Left-Wing Authoritarianism Doesn't Damn Consequentialism
Forecasting subsequent-order consequences of any policy is challenging, and most people don't even try. Our brains prefer to substitute these tough deliberations with easy questions. For example, in a conversation about minimum wage, people rarely consider the elasticity of labour demand and the resulting employment impact. Instead, they ask themselves if they like the idea of low-skilled workers getting paid more. Most leftists would automatically answer "yes".
When somebody is politically aligned in this way, fondness for government intervention usually drives any initial reaction to a proposed policy. Bryan Caplan argues we can reasonably call this an authoritarian instinct. He goes on to also implicate consequentialism. However, I often find his musings on moral philosophy and free will uncharacteristically naive. Briefly stated: he doesn't consider all the consequences nor the rational assumption that we cannot know them. In such cases relying on heuristics is perfectly justified by Bayesian reasoning.

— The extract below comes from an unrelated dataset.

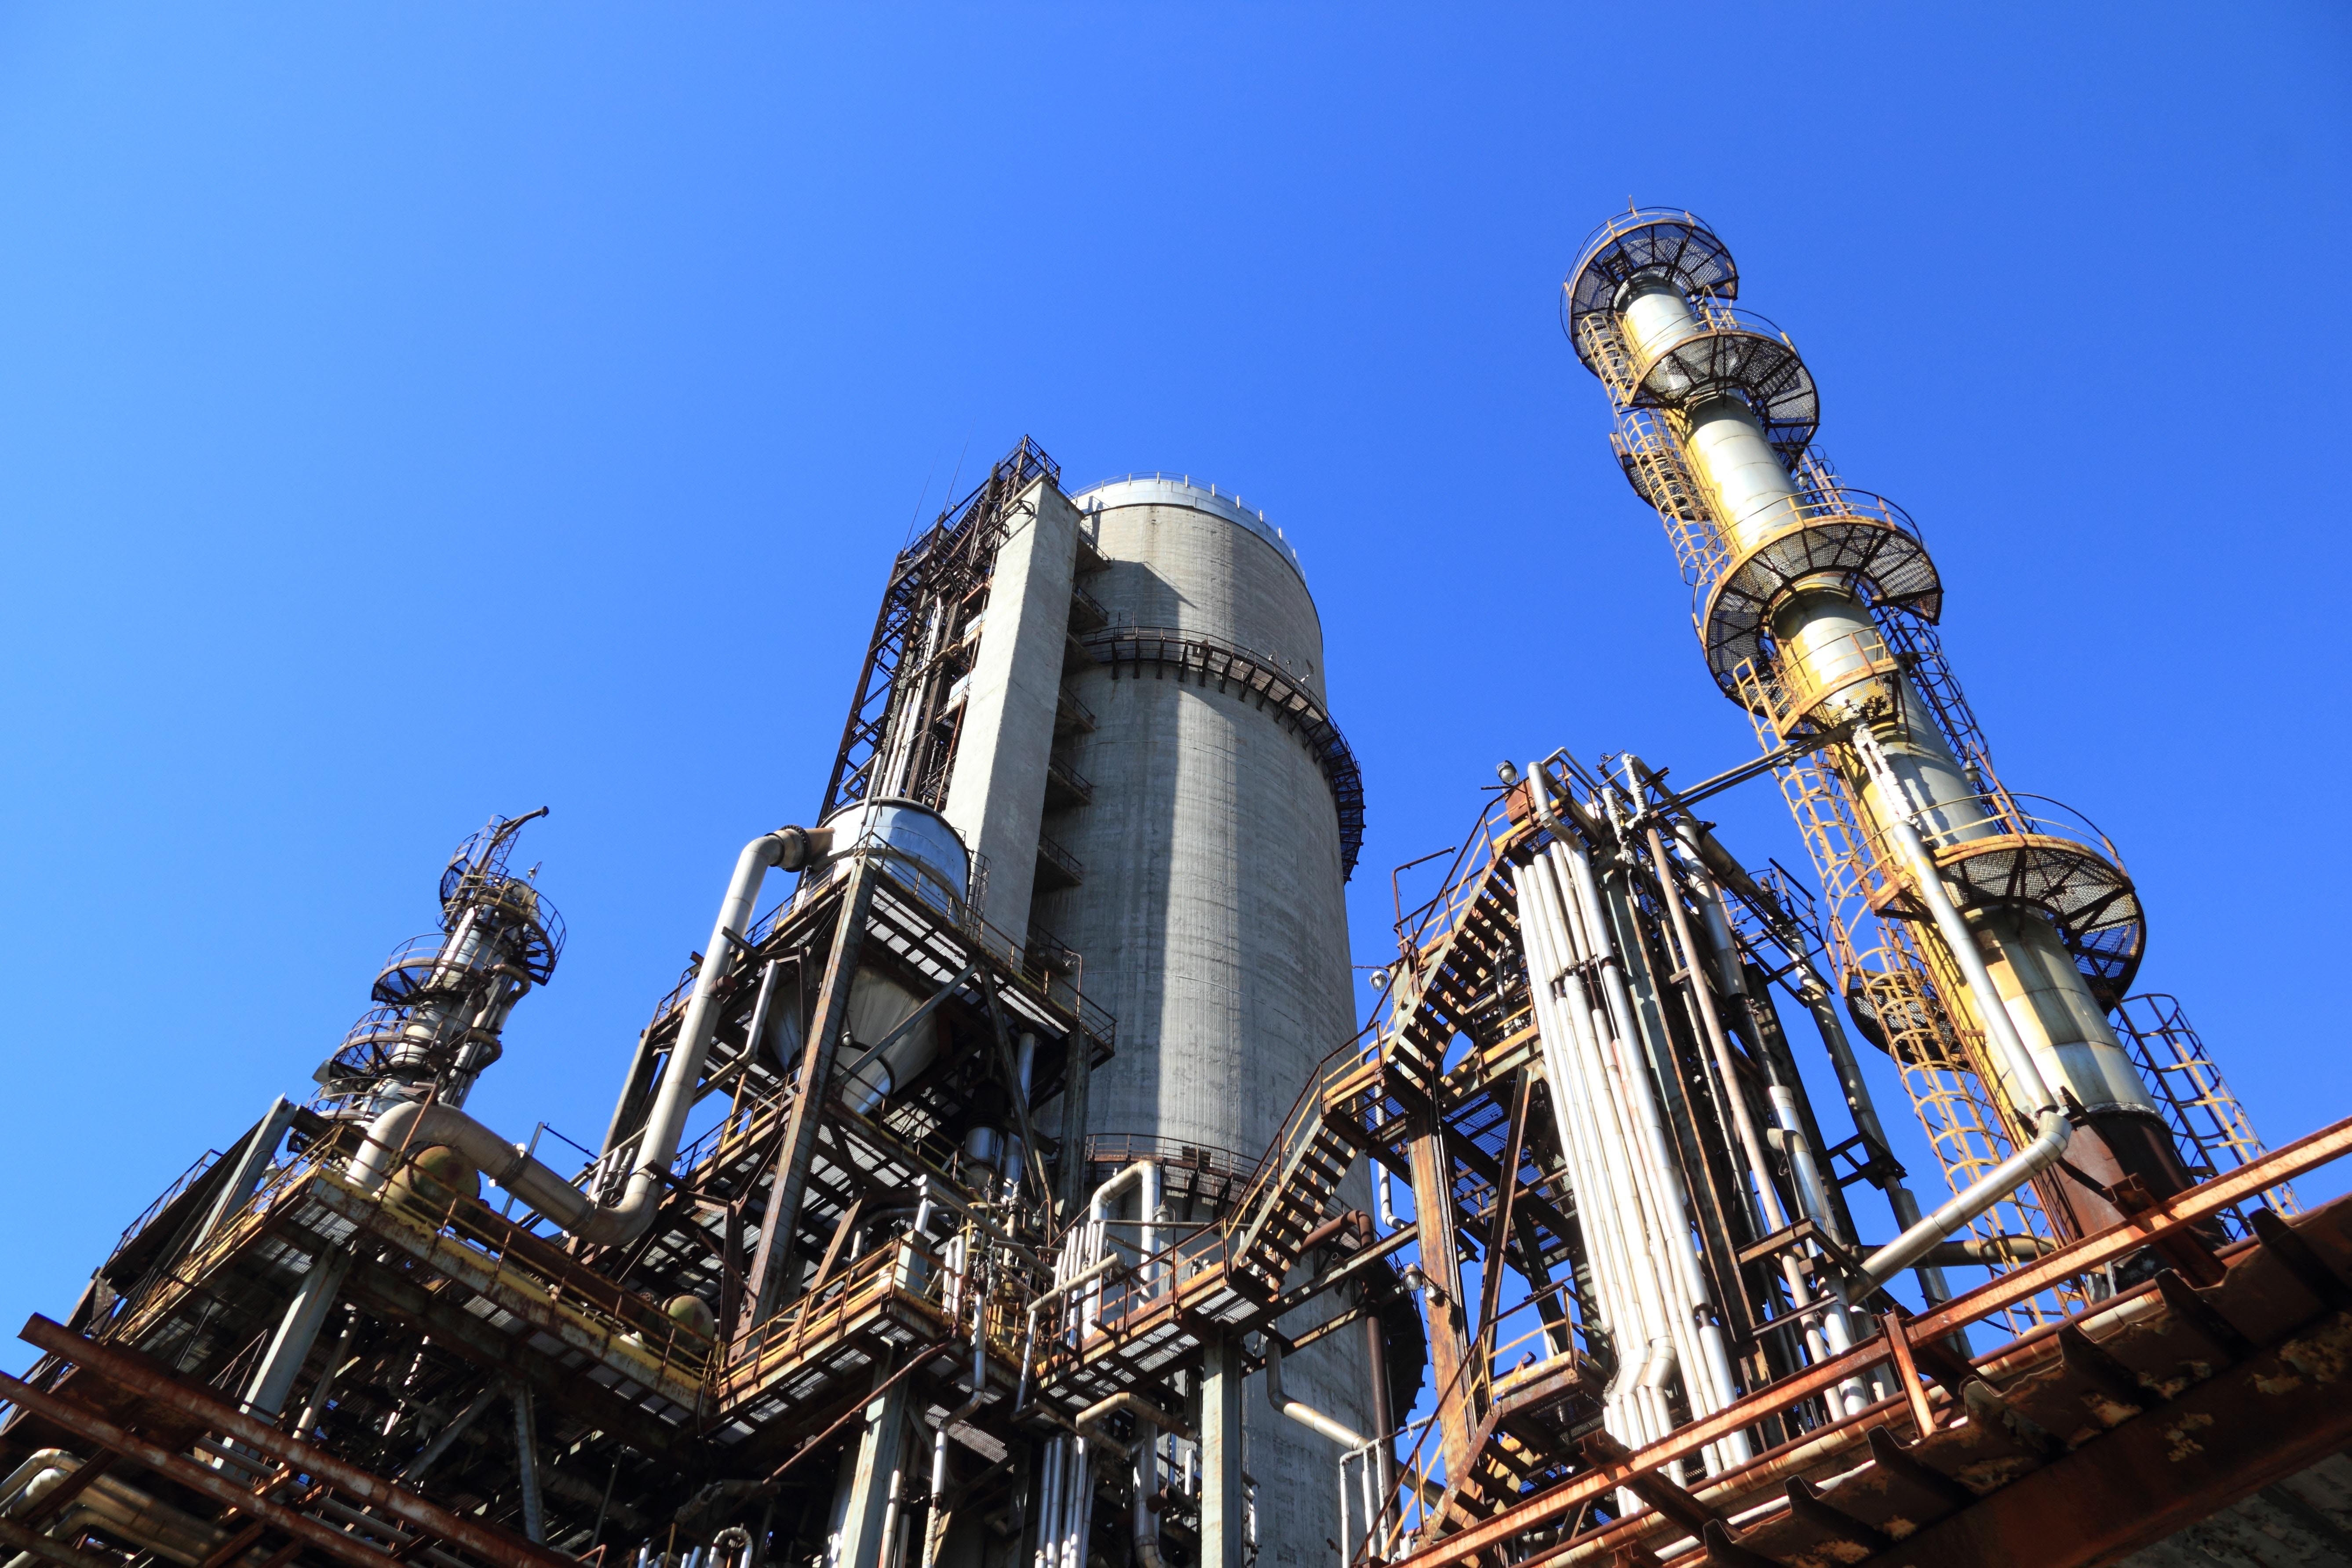 Image of a industrial refinery.

The most annoying argument against consequentialism is the man who turns up to the doctor with five healthy organs that could save the lives of five different people. We're supposed to take for granted that the consequences of killing 1 person and saving 5 people are self-evident. Therefore, this type of reasoning fails. But that's ridiculous. The consequences include all the people who would die because they no longer go to the doctor or trust healthcare.
Any policy justified by consequentialism that fails means that the consequential reasoning was faulty. In that case, as aforementioned, somebody ignorantly assumed it was possible to account for all of the side effects when they should have known better and relied on existing institutions and norms, like "do not give the government power unless it is demonstrably justified".